Several other molecules are currently being investigated as selective RET inhibitors. Boston Therapeutics' BOS172738 seemingly falls in the same category as the approved first-generation inhibitors, with selectivity against VEGFR2, similar clinical activity, and susceptibility to the G810 resistance mutation. Turning Point Therapeutics' TPX-0046 is a compound that is claimed to target the G810 mutation, as well as Src family kinases, but is susceptible to the gatekeeper V804 mutation. Other compounds include Helsinn's HM06, which presented data in October 2021 showing significant activity against both the G810 and V804 mutations individually, making it a brain-penetrant second-generation RET inhibitor for which a clinical trial is open in the US since February 2021.
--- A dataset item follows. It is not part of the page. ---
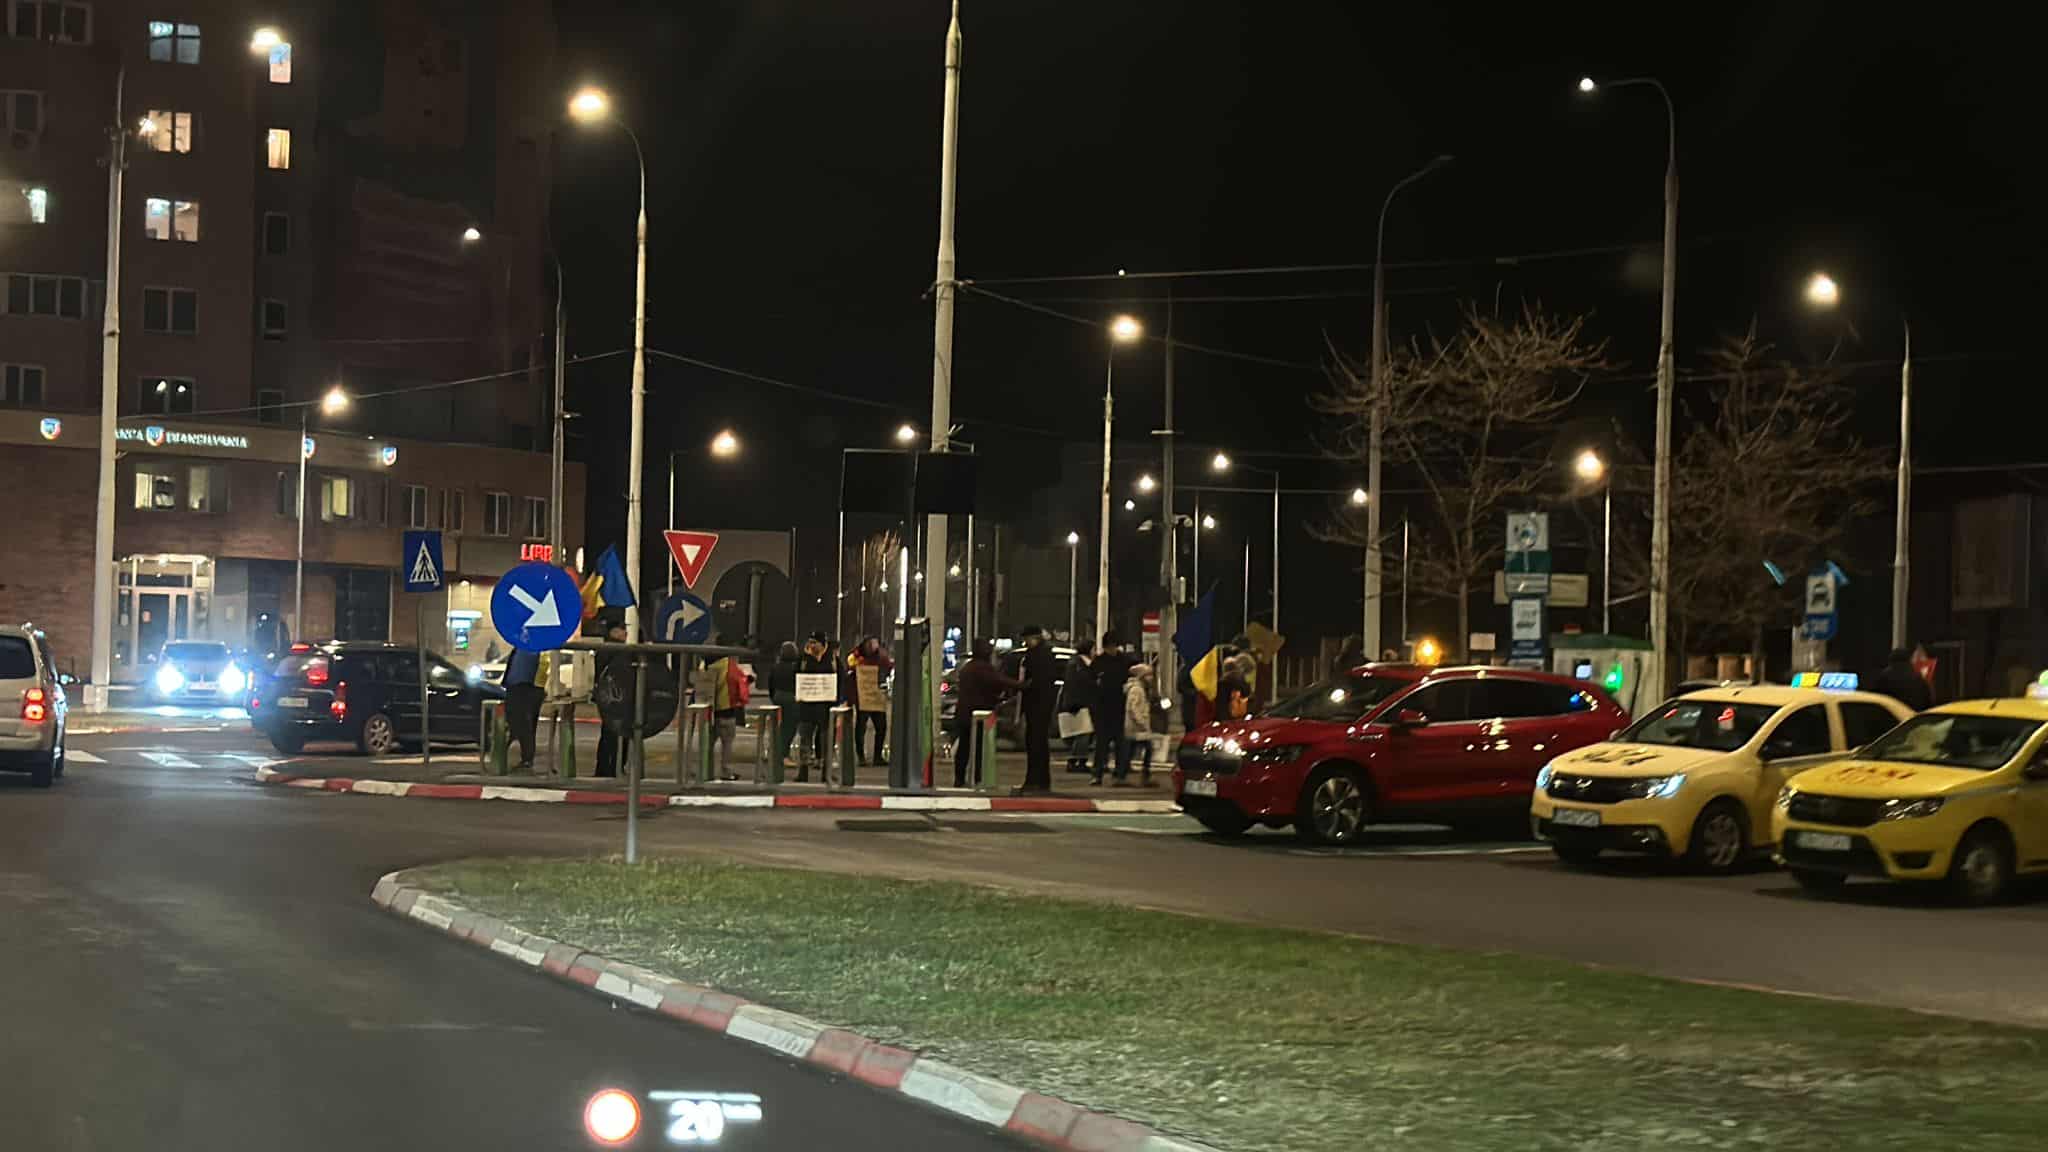 protestul împotriva măsurilor fiscale nu a avut succes la sibiu. aproximativ 20 oameni au ieșit în stradă, vineri seară (foto)

In 2021, Eli Lilly announced preclinical results for LOX-18228 and LOX-19260, two next-generation RET inhibitor candidates capable of tackling the G810 and V804 mutations individually as well as in tandem (G810+V804). The study looked at cell lines and mouse models with KIF5B-RET and CCDC6-RET fusions, as well as lines with the M918T mutation. The compounds showed strong selectivity and efficacy across cells lines. The company renamed one of these candidates LOXO-260, for which a Phase I clinical trial is expected in Q1 2022.

===Combinations===
While selective inhibitors are not yet (as of 2021) being evaluated in combination with other compounds to treat therapy-naïve patients, they are still being investigated to treat RET fusions arising as resistance mechanisms to other treatments. Notably, around 5% of EGFR-mutated non-small-cell lung cancers develop RET fusions as a resistance mechanism to the third-generation EGFR inhibitor osimertinib. For these patients, the combination of osimertinib and selpercatinib is currently being evaluated in a cohort of the ORCHARD study.

===Discontinued compounds===
Among older compounds being investigated for RET inhibition, RXDX-105 was being developed by Ignyta as a VEGF-sparing multikinase inhibitor of BRAF, RET and EGFR. It was discontinued after acquisition of the company by Hoffmann-La Roche, citing a poor efficacy profile compared to the selective inhibitors being developed parallel to it. While it boasted a 75% response rate among fusions with non-KIF5B partners (6 out of 8 patients), there were no responses for patients with the KIF5B fusion partner (0 out of 20 patients), which represents more than 65% of RET fusions in NSCLC. Among cited reasons for this difference is the KIF5B promoter inducing higher expression of the KIF5B-RET fusion protein compared to other partners, which would result in incomplete inhibition at clinical doses of RXDX-105 and reduced therapeutic activity.

==Diagnostics==

In order to identify patients most likely to benefit from RET inhibitors, several companion diagnostic assays are approved. Regardless of the alteration, tissue-based NGS remains the gold standard with very high specificity and sensitivity. In the case of rearrangements, RT-PCR is a proven technique with high specificity and sensitivity, but it will miss fusions with rare partners. FISH can be used where other techniques are not available, but the relative subjectivity of the test along with the proximity of common partners to the RET gene can make it difficult to discern rearrangements. Plasma-based NGS assays are becoming more and more prevalent because of their ease of use and high specificity, although they are limited by how much circulating tumor DNA is present in the sample, which itself depends upon how much DNA the tumors shed into the blood. This means that while a positive result may be taken as certainty, a negative result might simply mean not enough material was collected, and should be confirmed with another technique to rule out a false-negative.